Start of Block
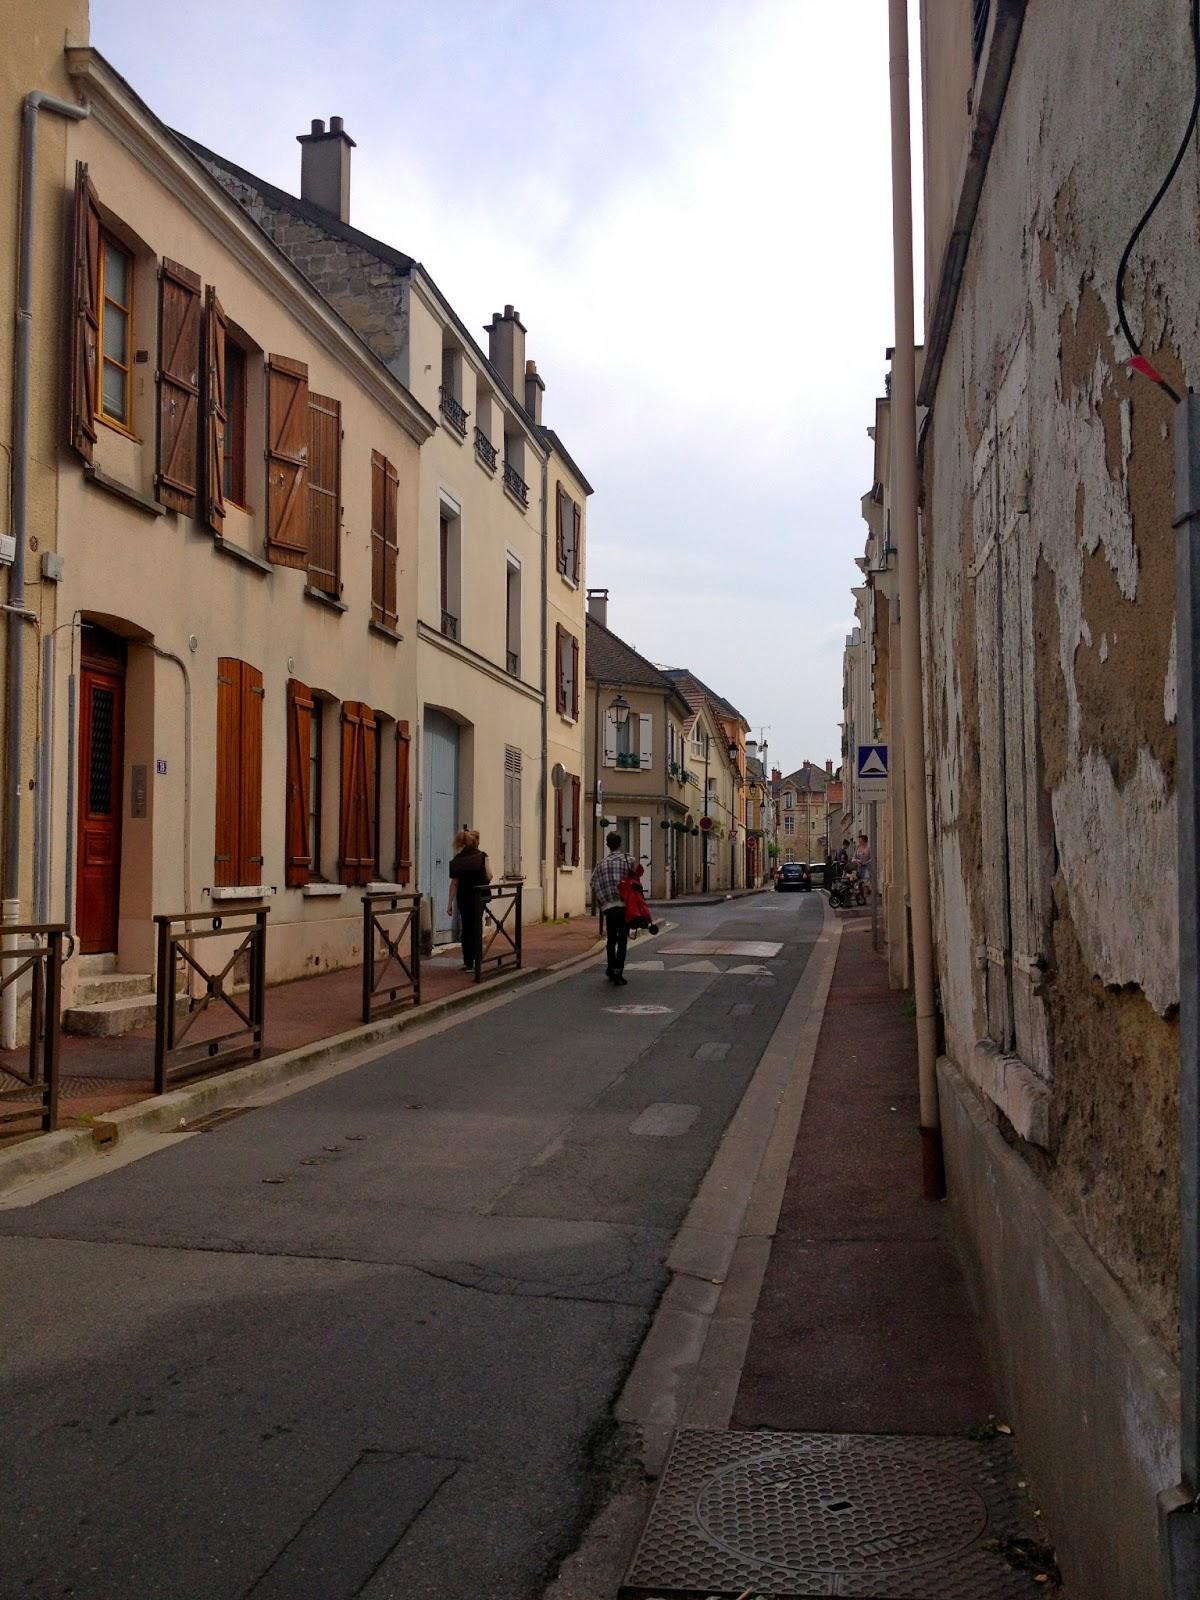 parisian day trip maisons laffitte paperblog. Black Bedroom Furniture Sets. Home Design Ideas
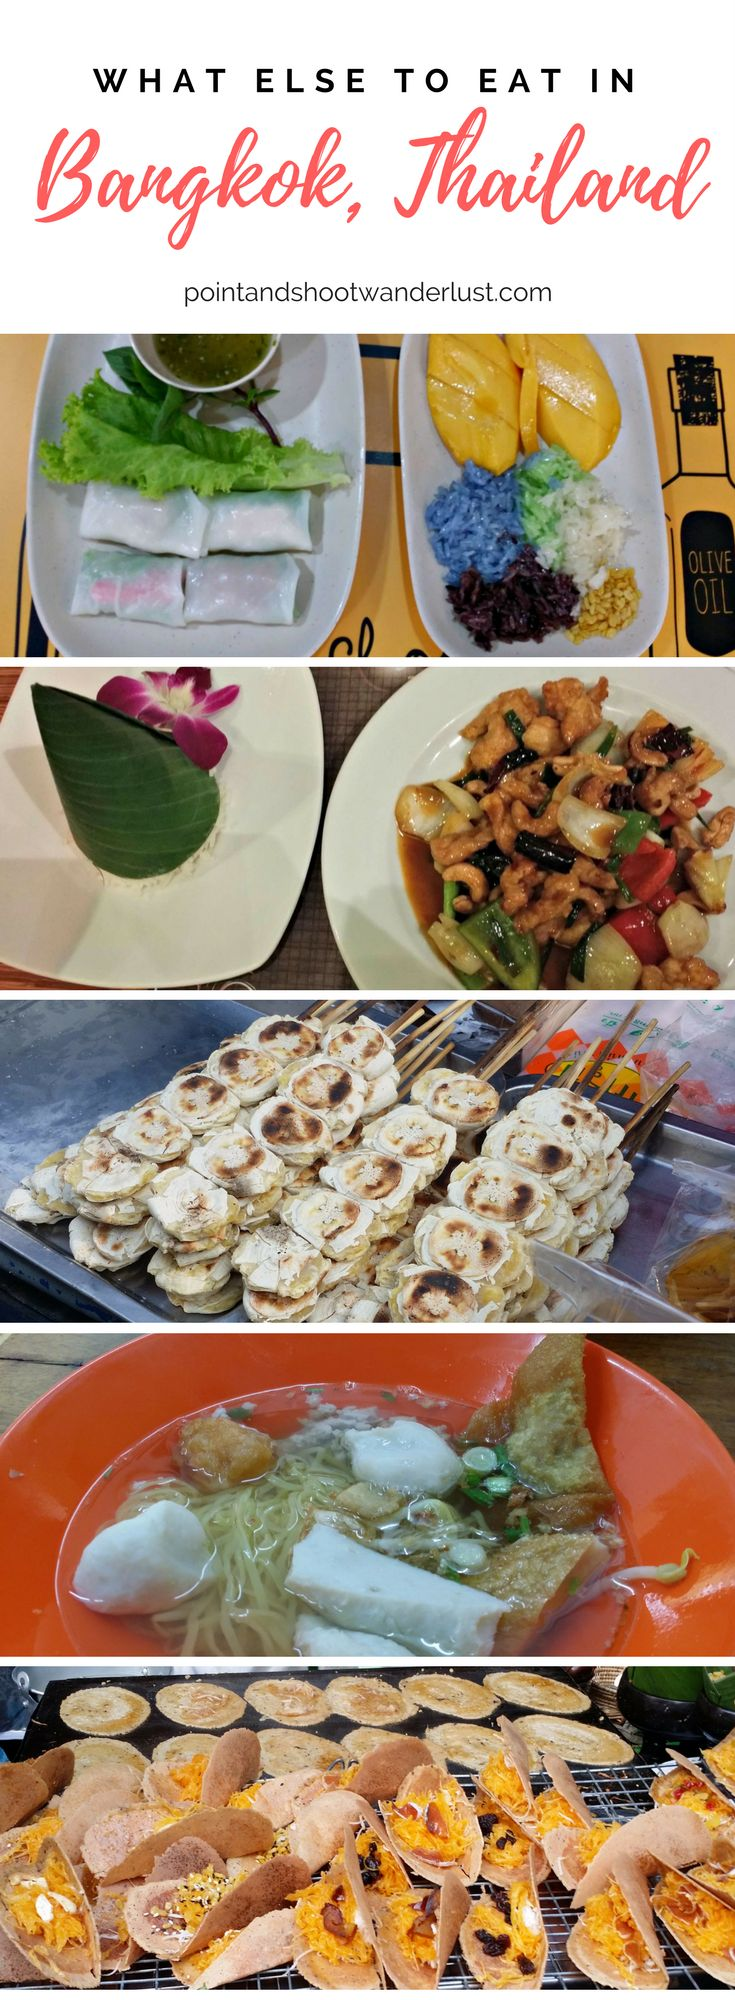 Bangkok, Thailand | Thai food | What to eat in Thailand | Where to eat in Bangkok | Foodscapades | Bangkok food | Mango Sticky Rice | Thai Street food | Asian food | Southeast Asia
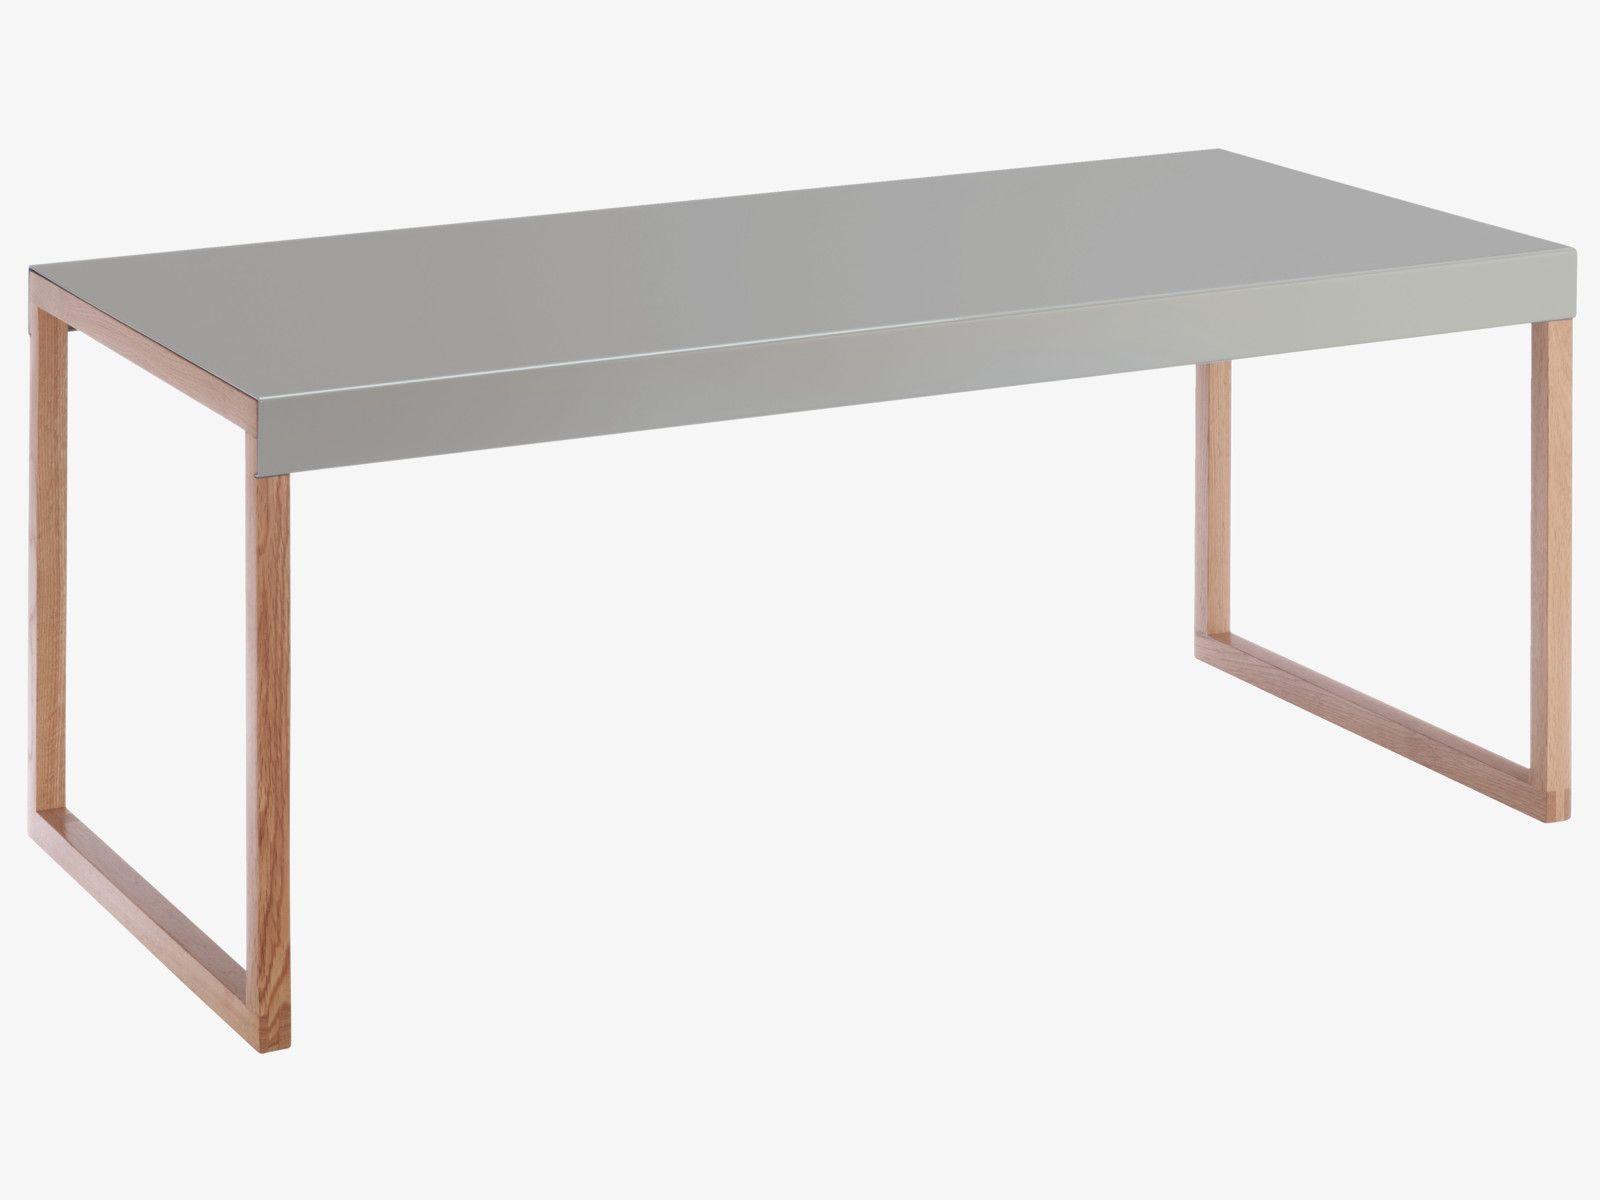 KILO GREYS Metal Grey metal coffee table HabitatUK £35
End of Block
_TASK DIRECTIONS_. Return the lines from the one that contains "Bangkok, Thailand |" through the final line of the listing above, inclusive. Transcribe them exactly and drop the pictures.

_RESULT_.
 Bangkok, Thailand | Thai food | What to eat in Thailand | Where to eat in Bangkok | Foodscapades | Bangkok food | Mango Sticky Rice | Thai Street food | Asian food | Southeast Asia
 KILO GREYS Metal Grey metal coffee table HabitatUK £35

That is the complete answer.